Task: When you reach the line with "1 x JOSEPH JOSEPH" in the records below, begin transcribing exactly and continue up to and including the line with "Paula Schenone", leaving out every picture.

Information:

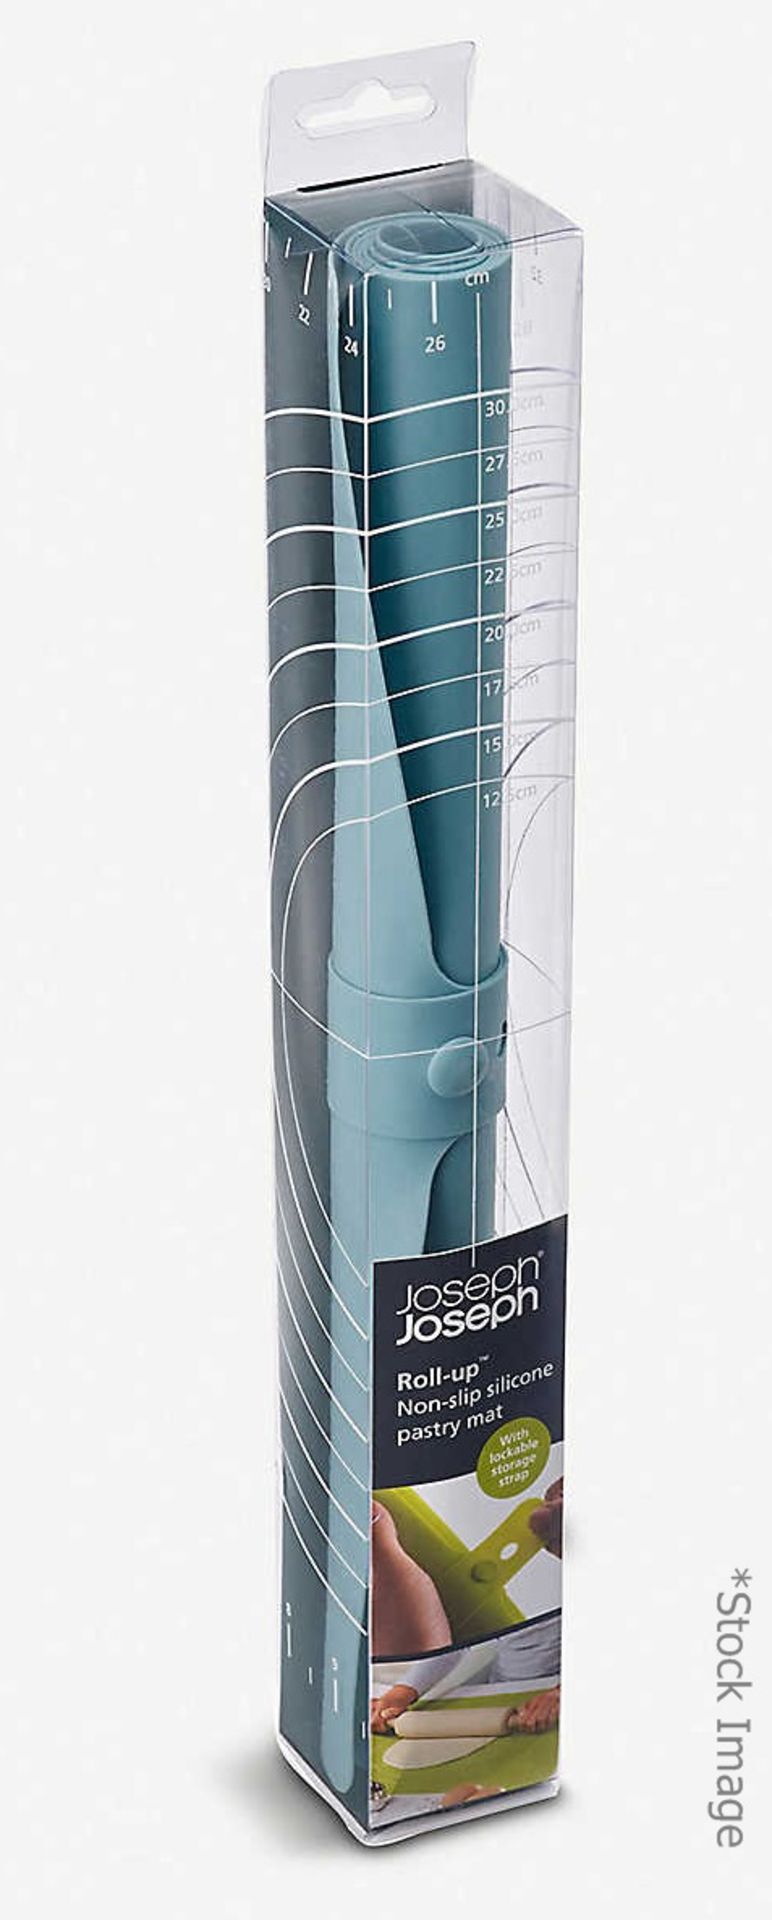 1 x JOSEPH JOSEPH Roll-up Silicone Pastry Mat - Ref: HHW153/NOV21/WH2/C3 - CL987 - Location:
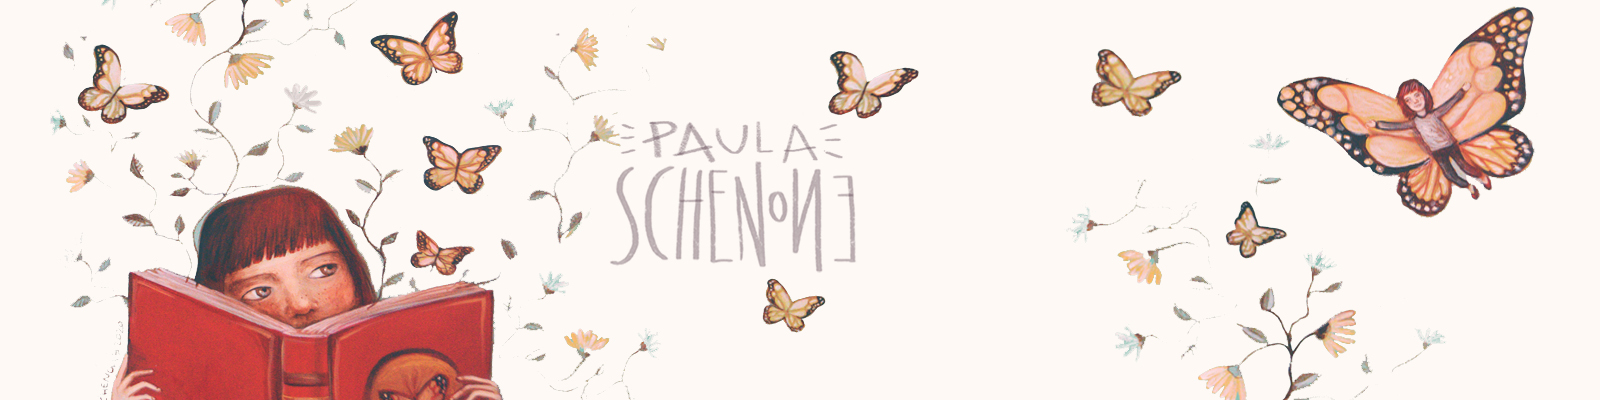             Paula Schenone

---

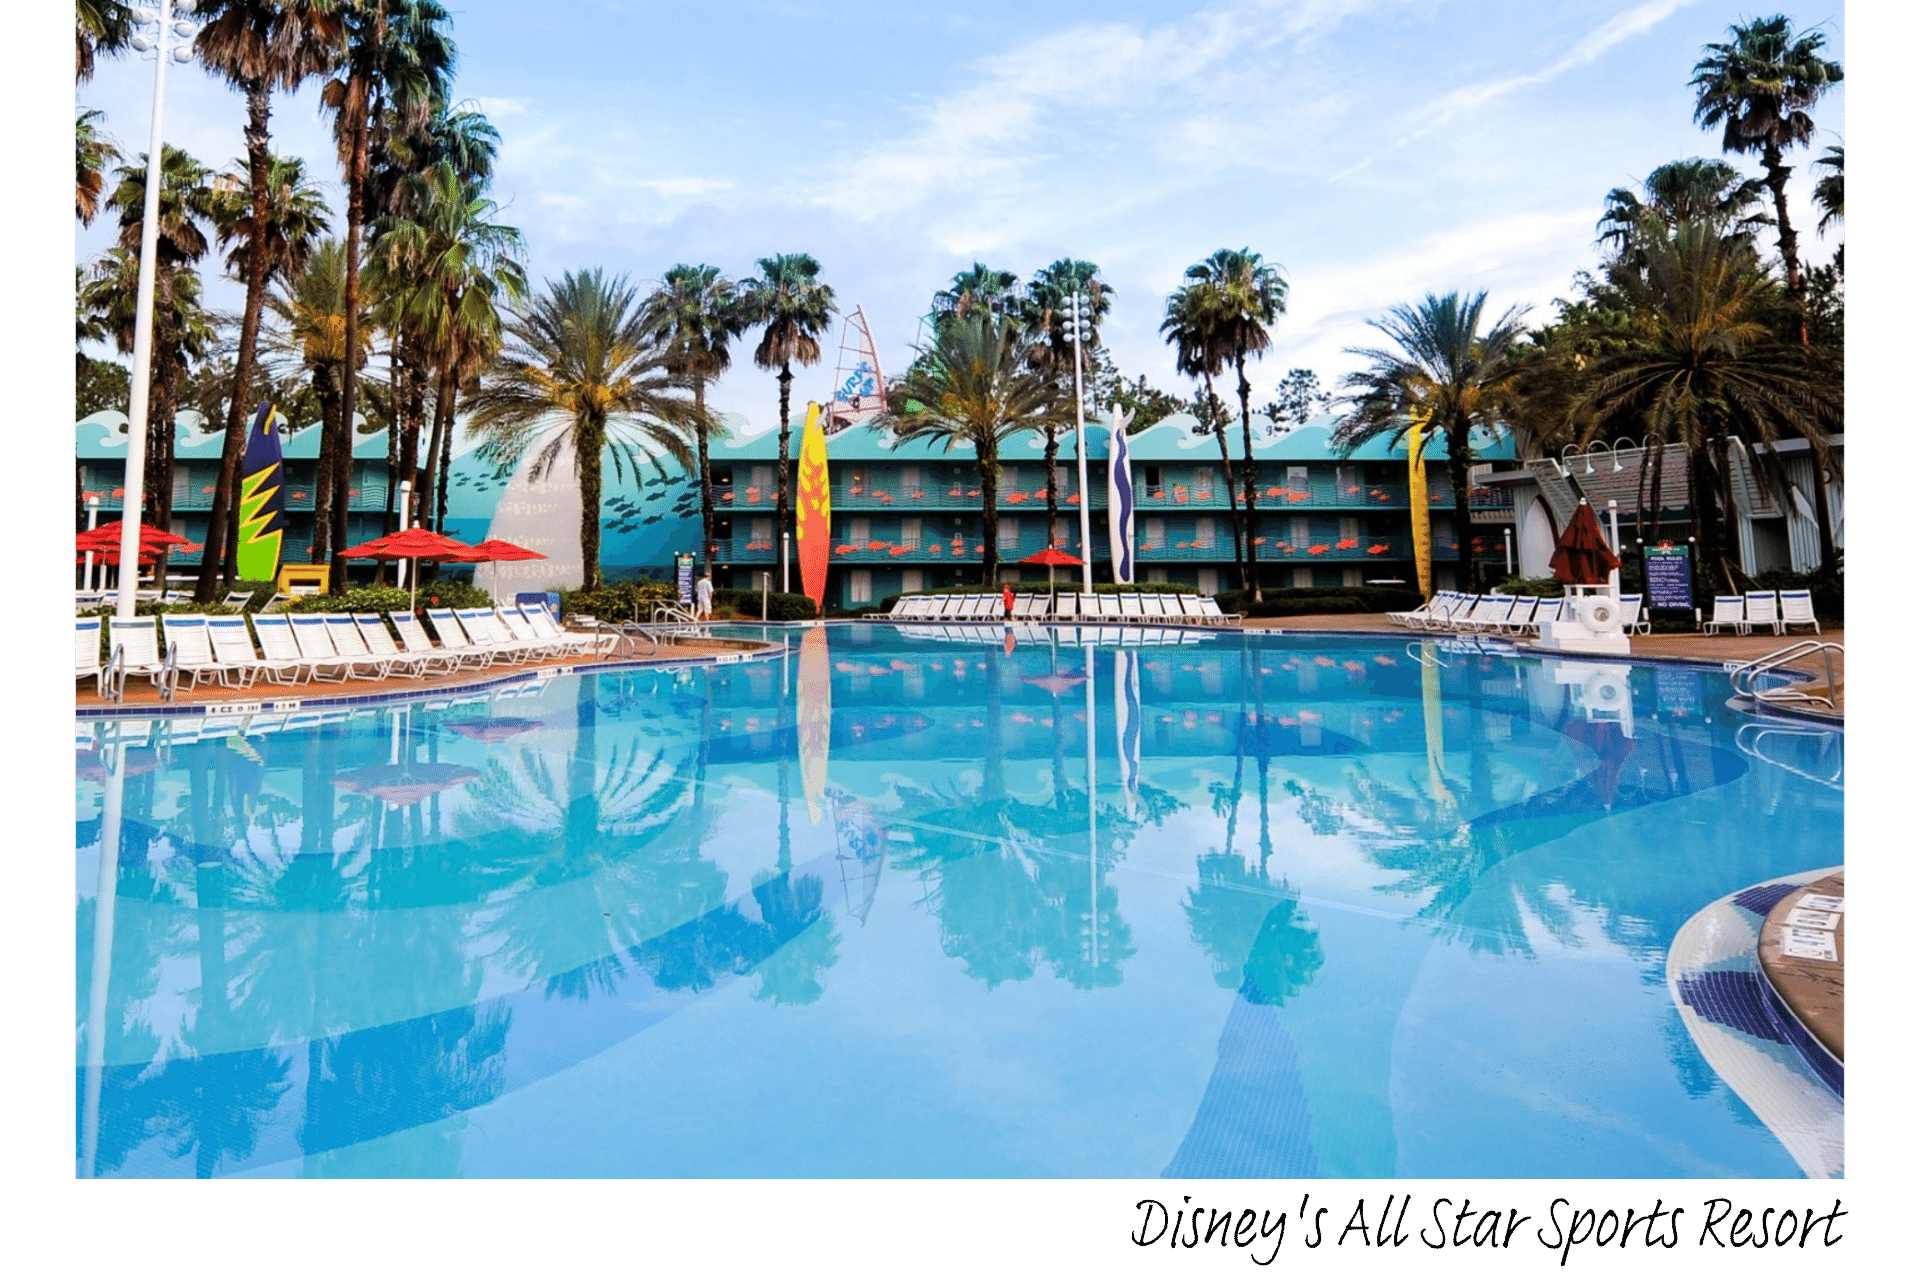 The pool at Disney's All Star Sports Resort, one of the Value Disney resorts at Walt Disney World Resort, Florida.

Answer space:
 1 x JOSEPH JOSEPH Roll-up Silicone Pastry Mat - Ref: HHW153/NOV21/WH2/C3 - CL987 - Location:
             Paula Schenone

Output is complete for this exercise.